## MATERIAL PROVIDED

____

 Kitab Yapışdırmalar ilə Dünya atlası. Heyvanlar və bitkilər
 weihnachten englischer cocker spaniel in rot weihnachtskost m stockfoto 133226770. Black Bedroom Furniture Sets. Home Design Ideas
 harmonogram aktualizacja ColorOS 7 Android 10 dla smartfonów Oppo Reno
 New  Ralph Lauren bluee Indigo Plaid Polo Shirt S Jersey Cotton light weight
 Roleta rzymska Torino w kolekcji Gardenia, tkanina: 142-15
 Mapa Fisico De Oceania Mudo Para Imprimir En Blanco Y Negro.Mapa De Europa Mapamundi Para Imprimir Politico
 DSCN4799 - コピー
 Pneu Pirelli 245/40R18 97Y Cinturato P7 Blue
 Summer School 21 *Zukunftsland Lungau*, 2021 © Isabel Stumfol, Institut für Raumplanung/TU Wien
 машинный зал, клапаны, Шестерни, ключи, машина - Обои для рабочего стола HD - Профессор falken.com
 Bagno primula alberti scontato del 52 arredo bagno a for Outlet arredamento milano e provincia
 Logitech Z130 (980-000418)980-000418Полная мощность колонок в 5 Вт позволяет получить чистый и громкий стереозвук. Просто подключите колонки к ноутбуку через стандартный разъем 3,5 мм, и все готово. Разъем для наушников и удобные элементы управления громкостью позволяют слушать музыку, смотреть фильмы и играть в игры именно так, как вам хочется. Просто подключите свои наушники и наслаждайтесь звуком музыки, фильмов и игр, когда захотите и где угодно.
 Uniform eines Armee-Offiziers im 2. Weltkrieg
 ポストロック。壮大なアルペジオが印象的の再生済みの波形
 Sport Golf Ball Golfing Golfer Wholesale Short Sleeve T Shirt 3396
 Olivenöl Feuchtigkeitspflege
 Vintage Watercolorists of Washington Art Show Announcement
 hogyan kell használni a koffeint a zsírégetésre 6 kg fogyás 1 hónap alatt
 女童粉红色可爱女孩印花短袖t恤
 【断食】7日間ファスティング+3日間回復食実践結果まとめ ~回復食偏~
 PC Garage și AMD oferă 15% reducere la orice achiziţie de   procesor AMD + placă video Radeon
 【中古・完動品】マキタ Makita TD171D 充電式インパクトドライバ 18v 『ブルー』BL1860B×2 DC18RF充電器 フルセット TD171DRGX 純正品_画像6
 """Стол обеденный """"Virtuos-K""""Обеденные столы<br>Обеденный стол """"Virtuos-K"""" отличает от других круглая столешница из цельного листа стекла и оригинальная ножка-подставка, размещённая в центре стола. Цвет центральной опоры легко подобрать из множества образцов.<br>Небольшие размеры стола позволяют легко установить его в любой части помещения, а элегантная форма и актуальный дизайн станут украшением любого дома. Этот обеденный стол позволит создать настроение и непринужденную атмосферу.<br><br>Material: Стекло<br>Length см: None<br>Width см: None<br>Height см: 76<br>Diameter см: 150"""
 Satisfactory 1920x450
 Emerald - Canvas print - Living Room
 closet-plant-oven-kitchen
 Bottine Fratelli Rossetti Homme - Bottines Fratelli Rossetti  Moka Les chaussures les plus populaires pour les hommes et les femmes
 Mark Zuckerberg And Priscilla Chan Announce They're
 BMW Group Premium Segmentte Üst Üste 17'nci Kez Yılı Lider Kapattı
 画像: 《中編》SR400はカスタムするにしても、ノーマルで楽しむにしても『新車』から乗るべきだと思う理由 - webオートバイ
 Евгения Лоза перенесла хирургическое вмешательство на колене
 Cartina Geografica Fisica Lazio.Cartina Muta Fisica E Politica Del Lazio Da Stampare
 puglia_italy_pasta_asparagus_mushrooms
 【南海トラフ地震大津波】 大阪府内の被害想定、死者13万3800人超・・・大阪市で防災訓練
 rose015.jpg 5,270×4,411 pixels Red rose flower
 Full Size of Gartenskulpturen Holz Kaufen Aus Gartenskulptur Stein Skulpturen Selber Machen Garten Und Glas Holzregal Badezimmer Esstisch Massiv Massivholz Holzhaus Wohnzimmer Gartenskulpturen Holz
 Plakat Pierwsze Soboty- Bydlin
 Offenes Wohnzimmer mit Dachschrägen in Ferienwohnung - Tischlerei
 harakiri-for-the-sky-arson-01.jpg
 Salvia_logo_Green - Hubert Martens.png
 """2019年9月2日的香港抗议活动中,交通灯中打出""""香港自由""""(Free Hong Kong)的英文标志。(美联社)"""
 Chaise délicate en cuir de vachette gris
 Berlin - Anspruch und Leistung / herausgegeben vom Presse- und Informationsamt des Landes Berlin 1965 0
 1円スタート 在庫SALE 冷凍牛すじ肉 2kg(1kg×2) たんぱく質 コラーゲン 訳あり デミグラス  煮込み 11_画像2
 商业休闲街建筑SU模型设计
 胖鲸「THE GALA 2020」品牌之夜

____

## TASK DESCRIPTION
Taking the material above, extract exactly and only the lines from the line with "puglia_italy_pasta_asparagus_mushrooms" to the line with "Plakat Pierwsze Soboty- Bydlin", inclusive of both.

## FINAL ANSWER
 puglia_italy_pasta_asparagus_mushrooms
 【南海トラフ地震大津波】 大阪府内の被害想定、死者13万3800人超・・・大阪市で防災訓練
 rose015.jpg 5,270×4,411 pixels Red rose flower
 Full Size of Gartenskulpturen Holz Kaufen Aus Gartenskulptur Stein Skulpturen Selber Machen Garten Und Glas Holzregal Badezimmer Esstisch Massiv Massivholz Holzhaus Wohnzimmer Gartenskulpturen Holz
 Plakat Pierwsze Soboty- Bydlin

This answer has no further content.